(Items listed in a dataset)

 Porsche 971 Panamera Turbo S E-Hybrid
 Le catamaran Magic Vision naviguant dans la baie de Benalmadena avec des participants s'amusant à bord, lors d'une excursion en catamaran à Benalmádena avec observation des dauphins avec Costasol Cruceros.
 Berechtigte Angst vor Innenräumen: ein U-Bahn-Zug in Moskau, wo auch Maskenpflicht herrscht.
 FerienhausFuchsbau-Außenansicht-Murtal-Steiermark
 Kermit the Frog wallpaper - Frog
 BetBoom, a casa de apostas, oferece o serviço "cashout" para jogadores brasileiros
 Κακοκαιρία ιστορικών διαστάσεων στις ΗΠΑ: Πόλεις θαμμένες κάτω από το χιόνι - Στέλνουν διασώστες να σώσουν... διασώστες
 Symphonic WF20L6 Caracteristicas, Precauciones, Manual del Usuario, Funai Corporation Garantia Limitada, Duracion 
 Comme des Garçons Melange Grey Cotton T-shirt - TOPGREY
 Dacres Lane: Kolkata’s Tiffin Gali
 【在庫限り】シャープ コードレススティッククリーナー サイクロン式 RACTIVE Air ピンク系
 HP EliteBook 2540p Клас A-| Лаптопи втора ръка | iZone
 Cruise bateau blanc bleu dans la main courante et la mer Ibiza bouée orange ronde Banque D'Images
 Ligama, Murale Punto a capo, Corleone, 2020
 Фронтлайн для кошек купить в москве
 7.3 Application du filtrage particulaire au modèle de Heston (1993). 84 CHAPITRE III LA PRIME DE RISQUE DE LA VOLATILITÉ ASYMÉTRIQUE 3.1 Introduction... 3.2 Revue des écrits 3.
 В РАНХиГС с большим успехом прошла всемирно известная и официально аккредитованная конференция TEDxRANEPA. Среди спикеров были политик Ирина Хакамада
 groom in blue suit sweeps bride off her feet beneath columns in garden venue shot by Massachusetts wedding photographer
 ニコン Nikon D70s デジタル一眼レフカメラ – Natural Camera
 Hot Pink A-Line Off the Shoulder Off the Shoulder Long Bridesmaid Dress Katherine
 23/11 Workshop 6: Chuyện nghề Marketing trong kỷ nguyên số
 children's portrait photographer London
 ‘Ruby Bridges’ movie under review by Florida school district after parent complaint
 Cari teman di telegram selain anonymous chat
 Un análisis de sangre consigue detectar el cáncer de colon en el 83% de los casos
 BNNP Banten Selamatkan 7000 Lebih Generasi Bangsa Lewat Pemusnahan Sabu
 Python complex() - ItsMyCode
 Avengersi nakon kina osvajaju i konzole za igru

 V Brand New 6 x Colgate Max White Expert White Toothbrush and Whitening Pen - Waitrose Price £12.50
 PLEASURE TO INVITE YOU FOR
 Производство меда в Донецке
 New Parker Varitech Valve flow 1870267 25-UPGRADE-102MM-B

● Task to carry out: Starting at the line that holds "V Brand New", set down each line exactly through the last line of the records above, and no others.

● Response below:
 V Brand New 6 x Colgate Max White Expert White Toothbrush and Whitening Pen - Waitrose Price £12.50
 PLEASURE TO INVITE YOU FOR
 Производство меда в Донецке
 New Parker Varitech Valve flow 1870267 25-UPGRADE-102MM-B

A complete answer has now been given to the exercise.